▶ **Required action**
Scan the records below for the line with "Hysteric Glamour Hysteric" and the line with "2021 Arts NC", and retype that range exactly, both ends included, pictures excepted.
Start of Record excerpts
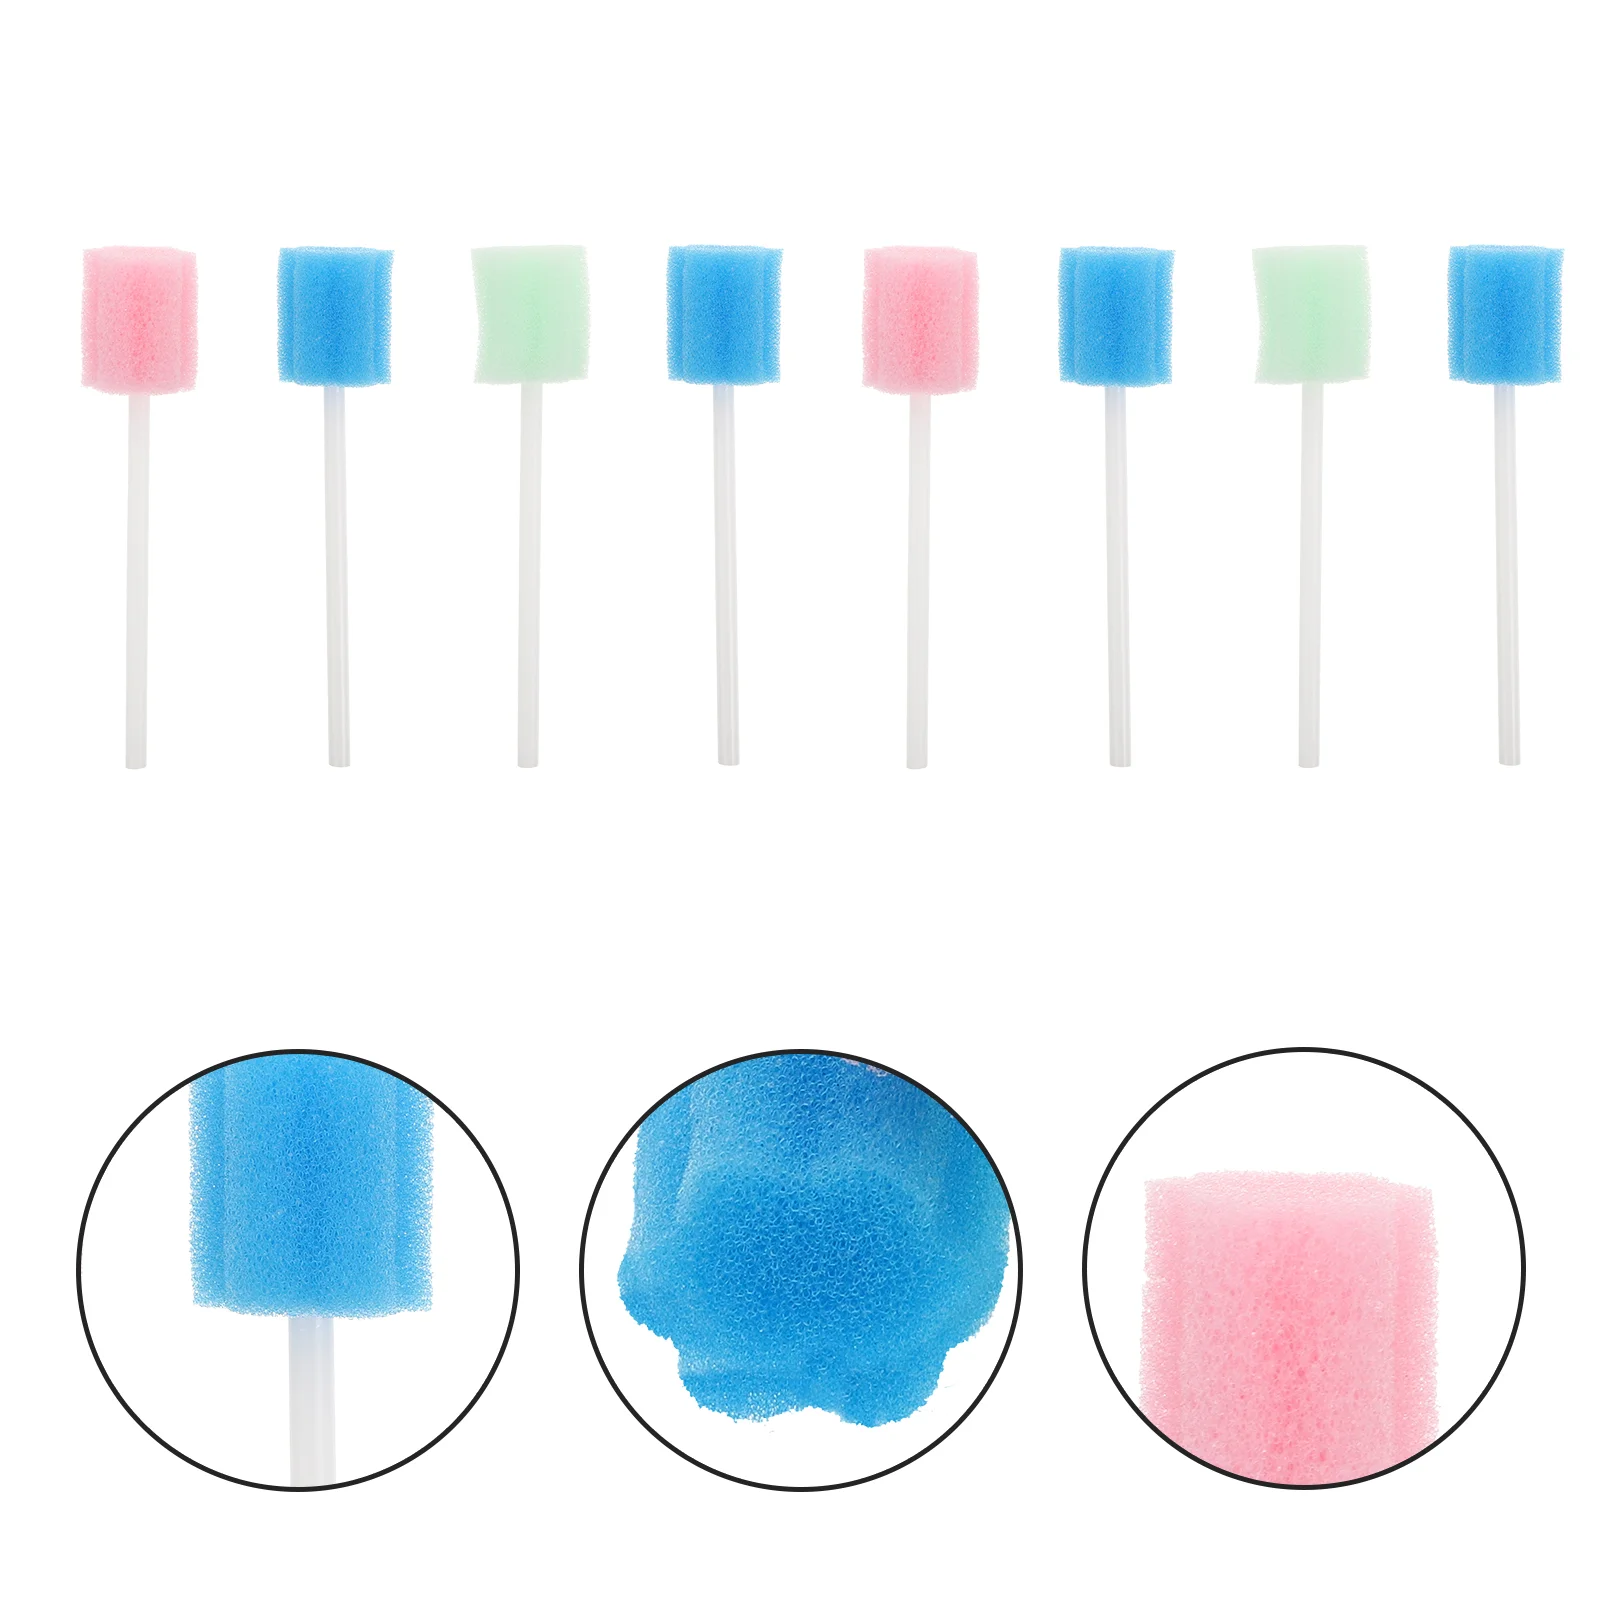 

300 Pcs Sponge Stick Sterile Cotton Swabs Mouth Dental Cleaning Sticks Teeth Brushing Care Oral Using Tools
End of Record excerpts
Start of Record excerpts
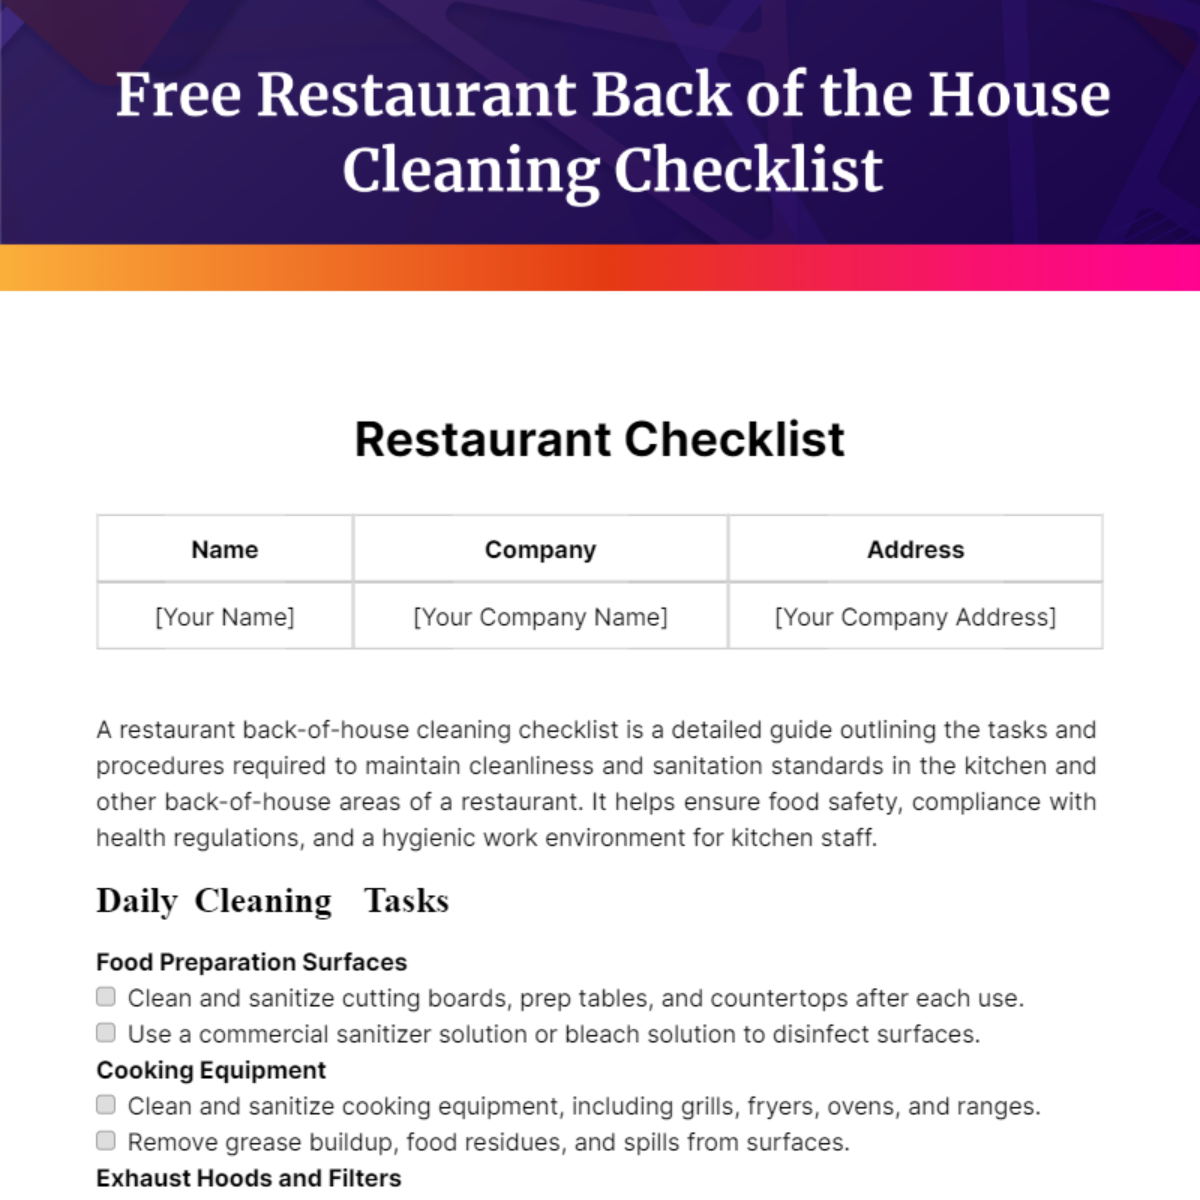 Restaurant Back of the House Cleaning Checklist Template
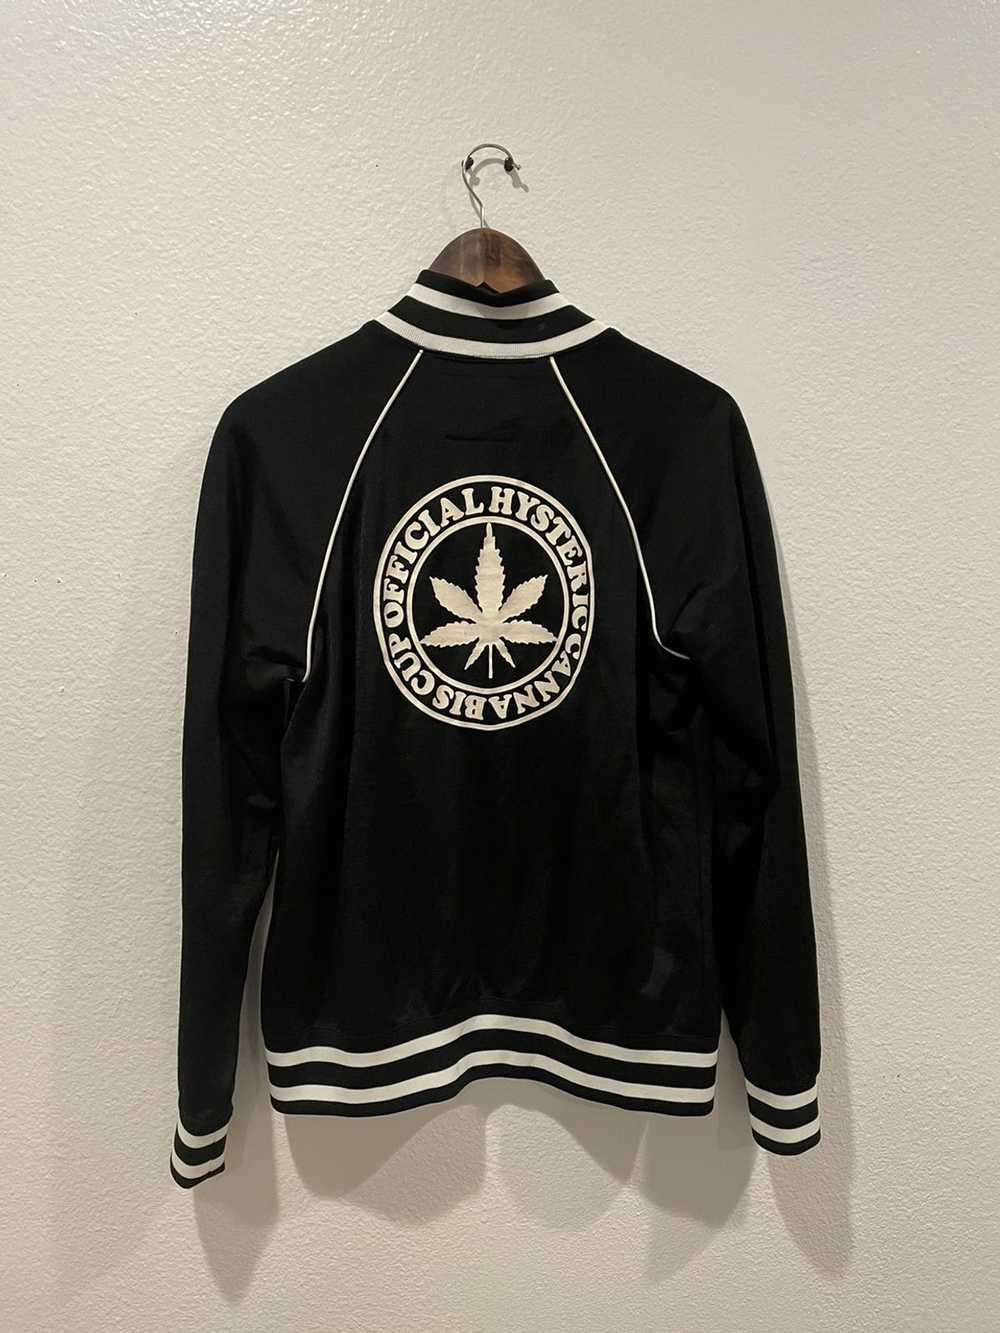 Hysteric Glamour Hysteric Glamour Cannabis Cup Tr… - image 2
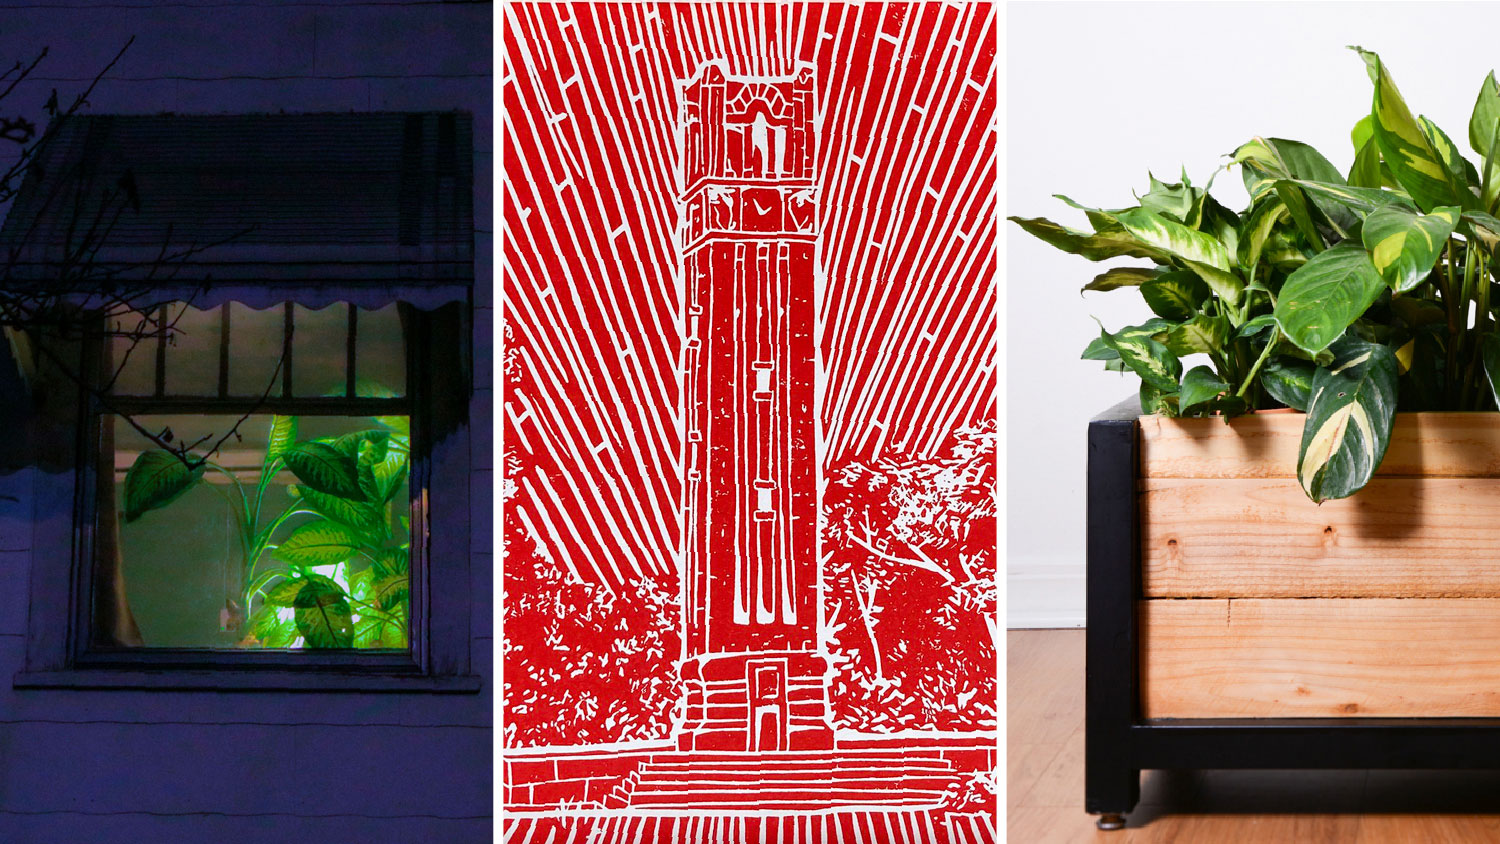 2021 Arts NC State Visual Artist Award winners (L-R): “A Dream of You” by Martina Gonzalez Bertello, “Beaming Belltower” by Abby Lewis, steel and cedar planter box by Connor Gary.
End of Record excerpts
Start of Record excerpts
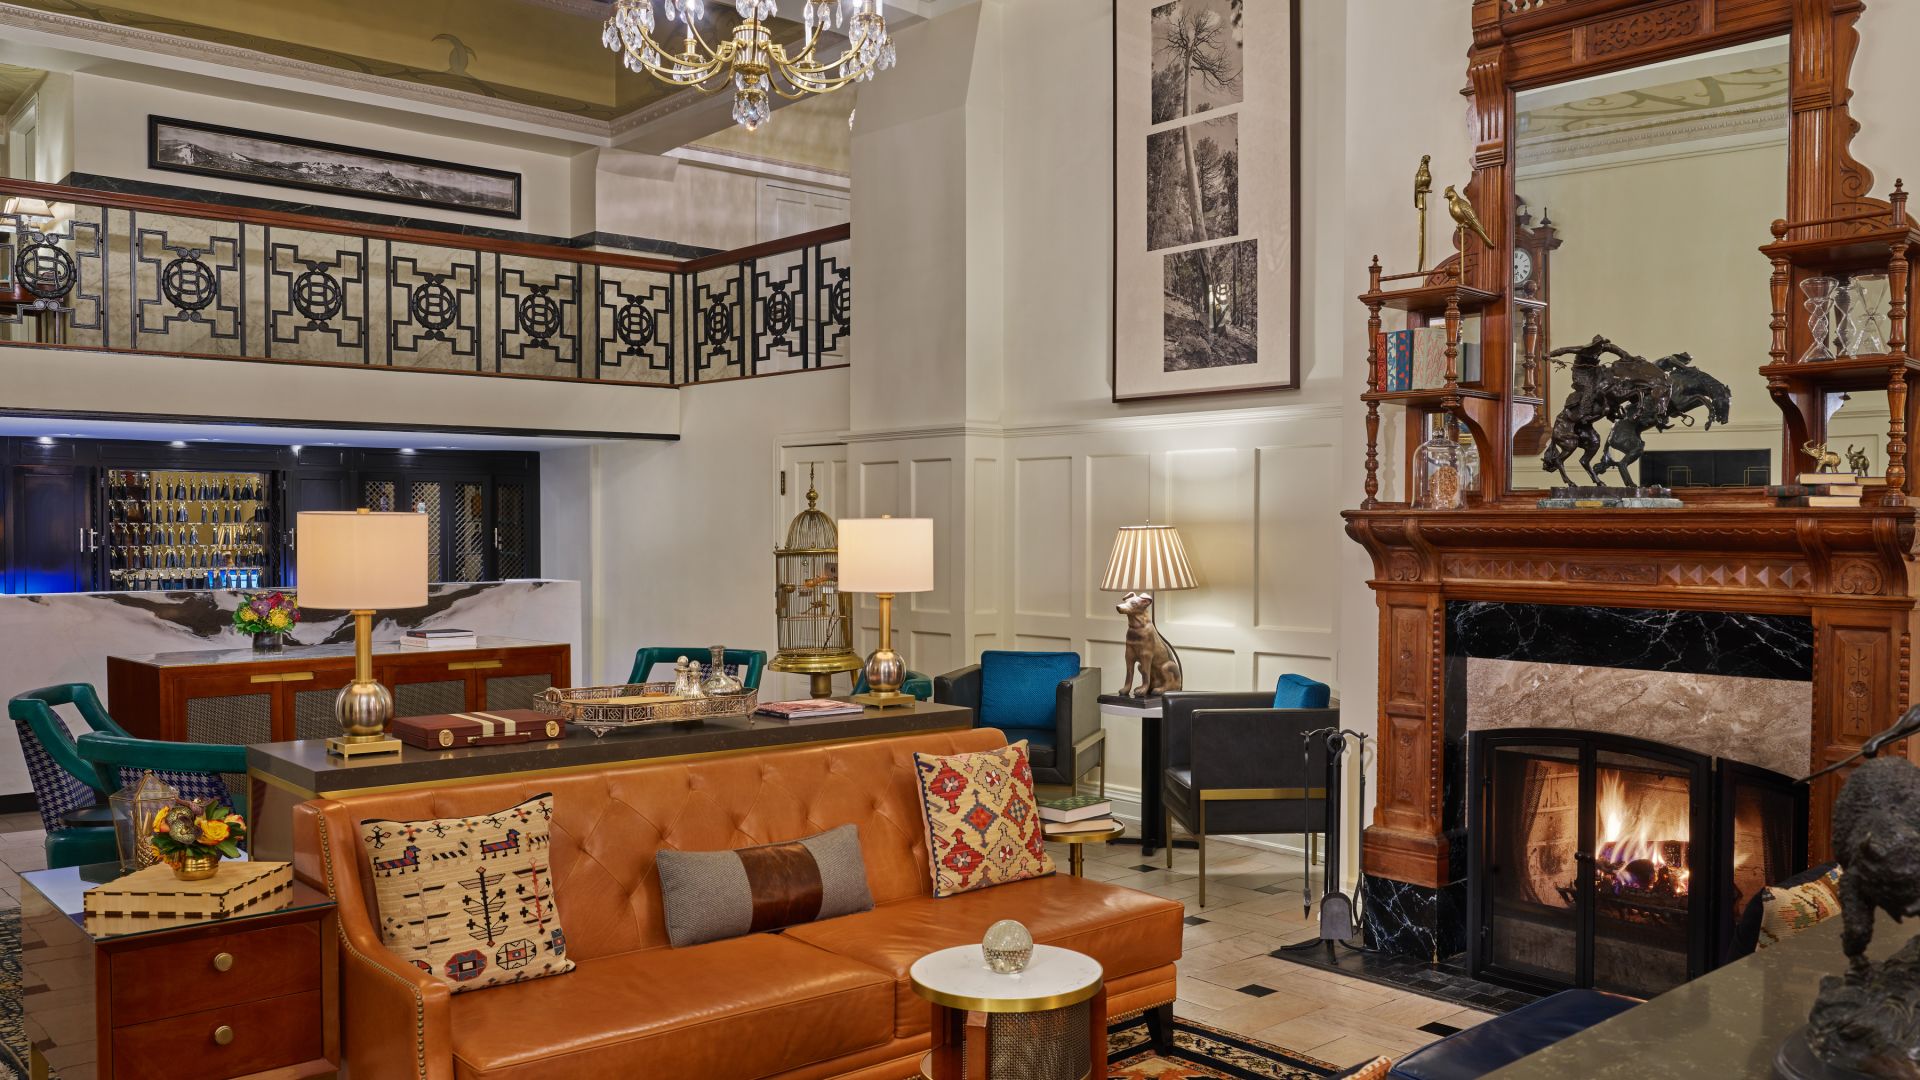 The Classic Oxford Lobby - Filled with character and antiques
End of Record excerpts
▶ **Task response**
 Hysteric Glamour Hysteric Glamour Cannabis Cup Tr… - image 2
 2021 Arts NC State Visual Artist Award winners (L-R): “A Dream of You” by Martina Gonzalez Bertello, “Beaming Belltower” by Abby Lewis, steel and cedar planter box by Connor Gary.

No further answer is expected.